_ASSIGNMENT_
In the records that follow, find the line with "Interview Wie ist Lomotion organisiert."; from there, retype every line exactly through the line with "Technologia informacyjna dla", which also belongs to the answer.

_RECORDS FOR THE TASK_

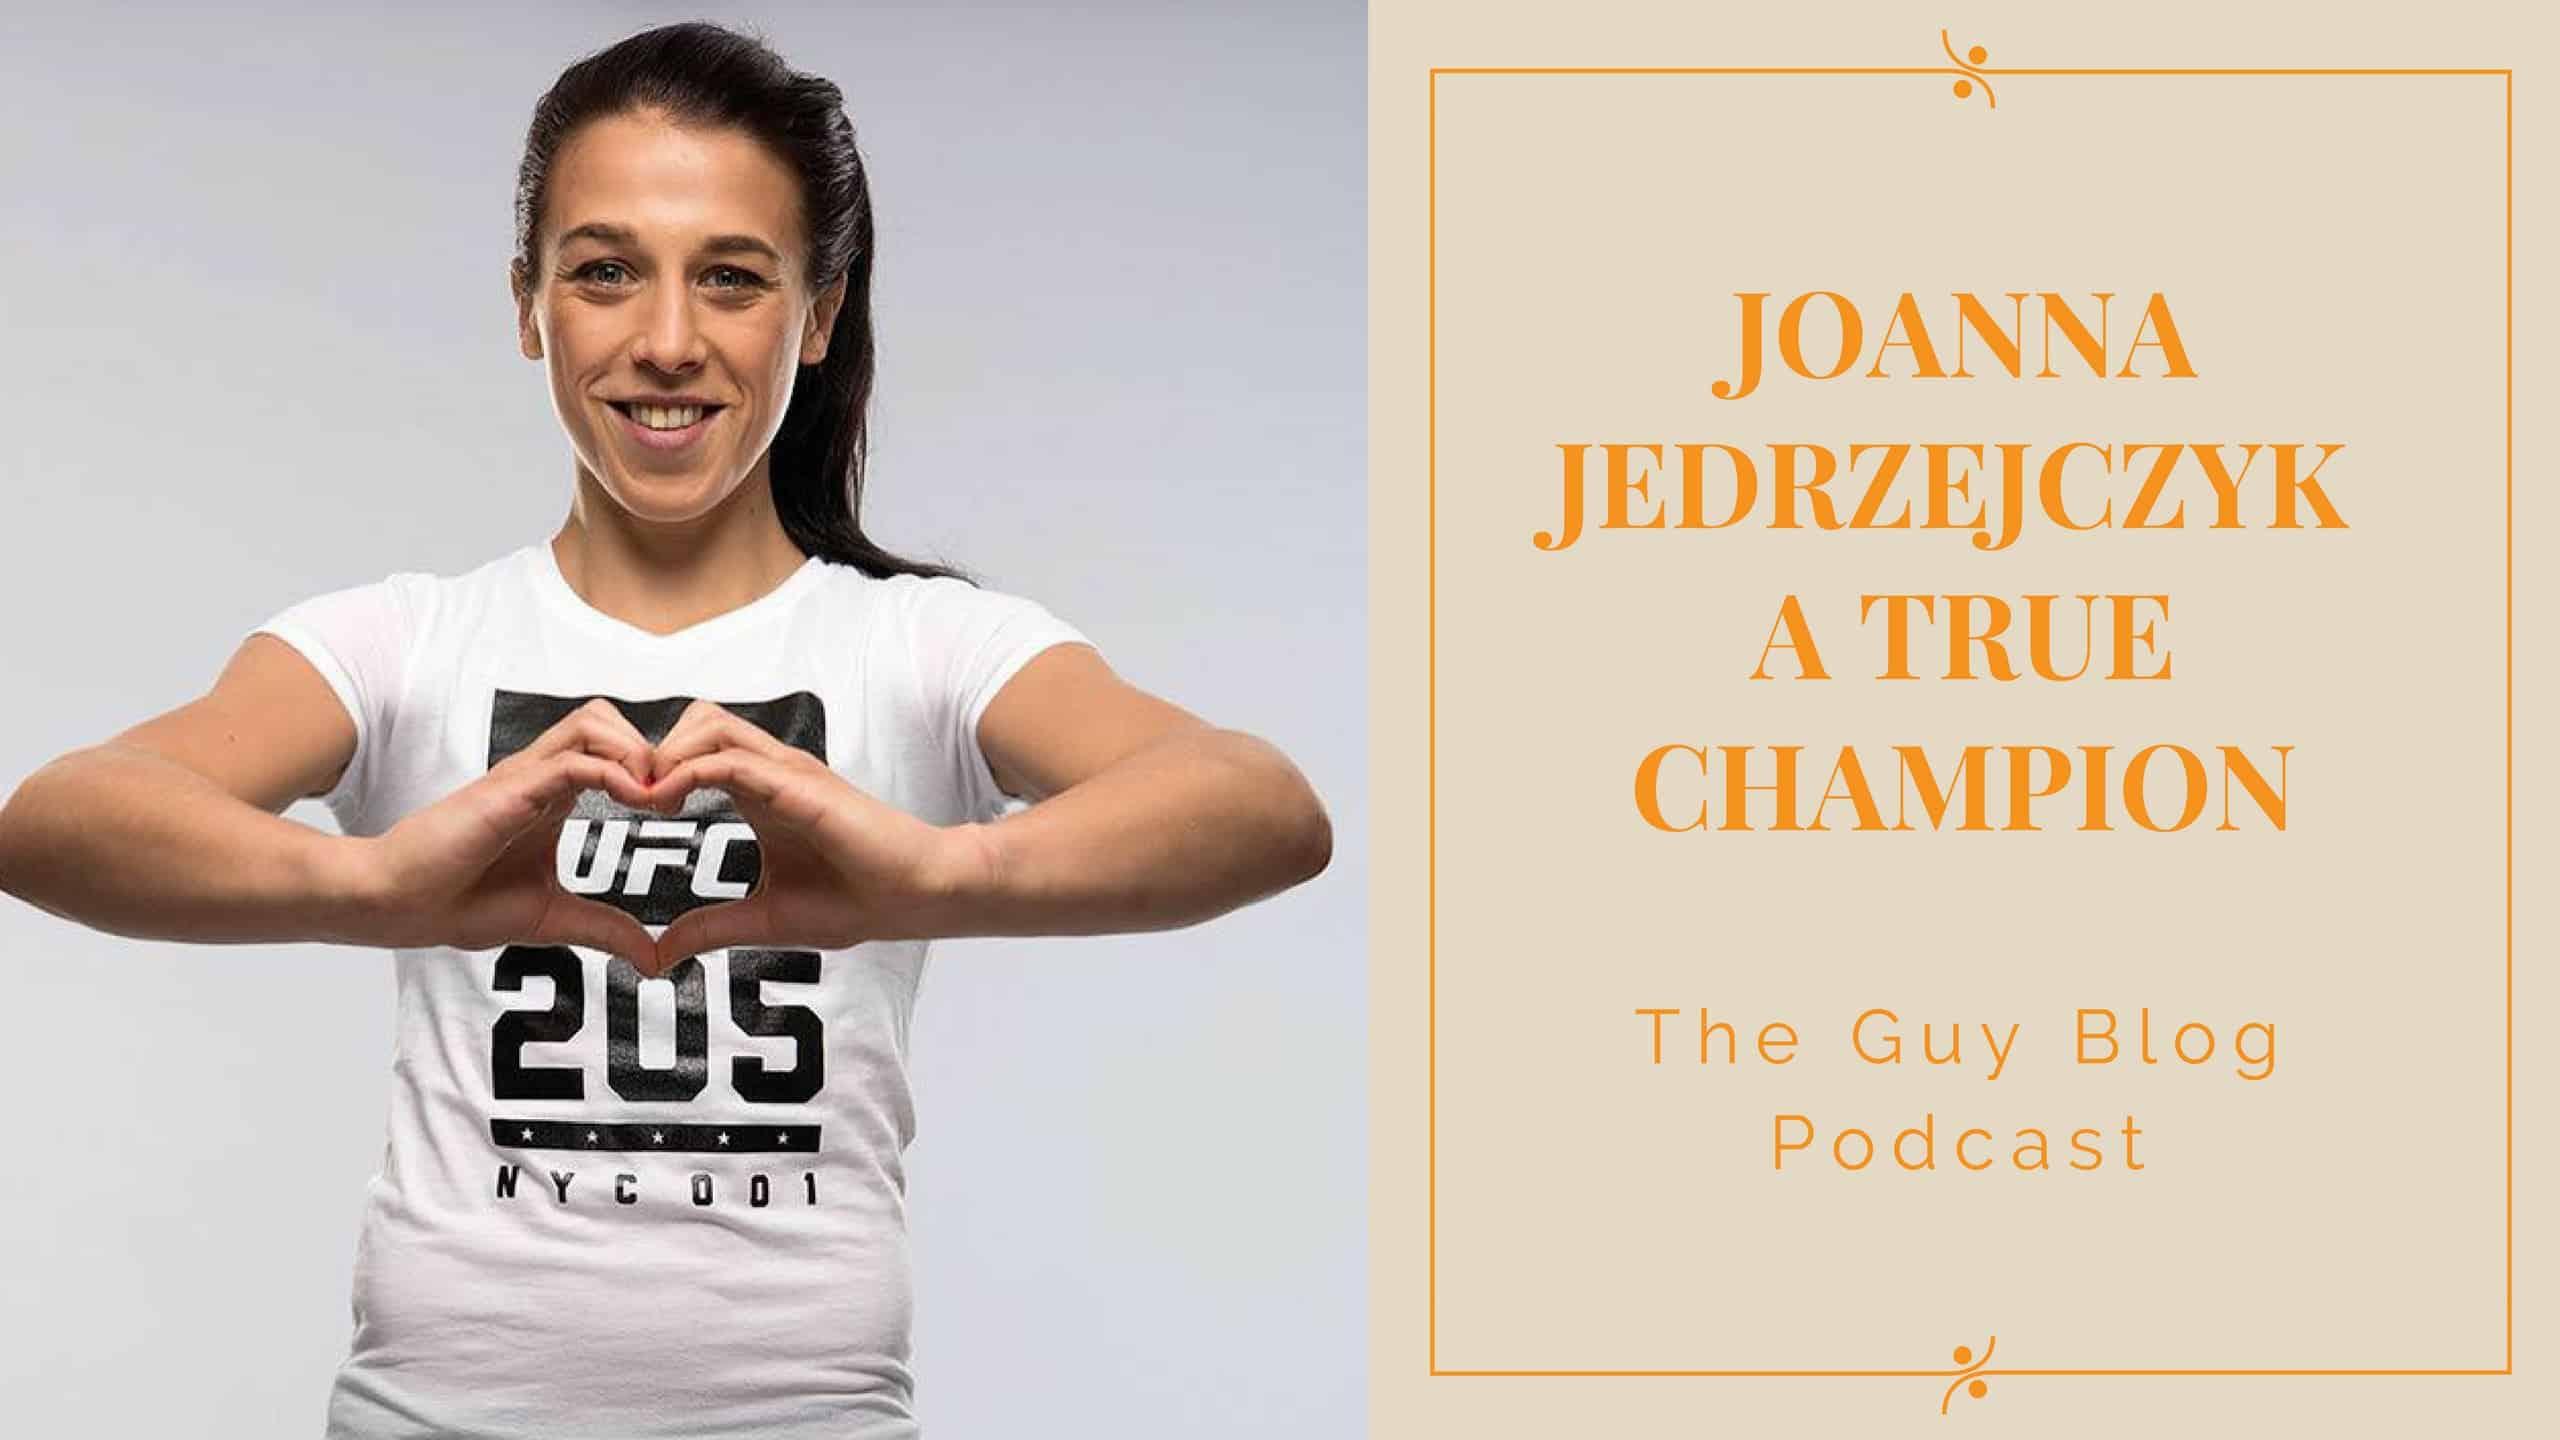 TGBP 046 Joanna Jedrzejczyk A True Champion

...

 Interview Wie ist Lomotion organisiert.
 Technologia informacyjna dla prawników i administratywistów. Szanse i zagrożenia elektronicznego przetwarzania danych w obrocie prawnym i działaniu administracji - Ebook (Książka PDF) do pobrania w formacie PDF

_EXPECTED OUTPUT_
 Interview Wie ist Lomotion organisiert.
 Technologia informacyjna dla prawników i administratywistów. Szanse i zagrożenia elektronicznego przetwarzania danych w obrocie prawnym i działaniu administracji - Ebook (Książka PDF) do pobrania w formacie PDF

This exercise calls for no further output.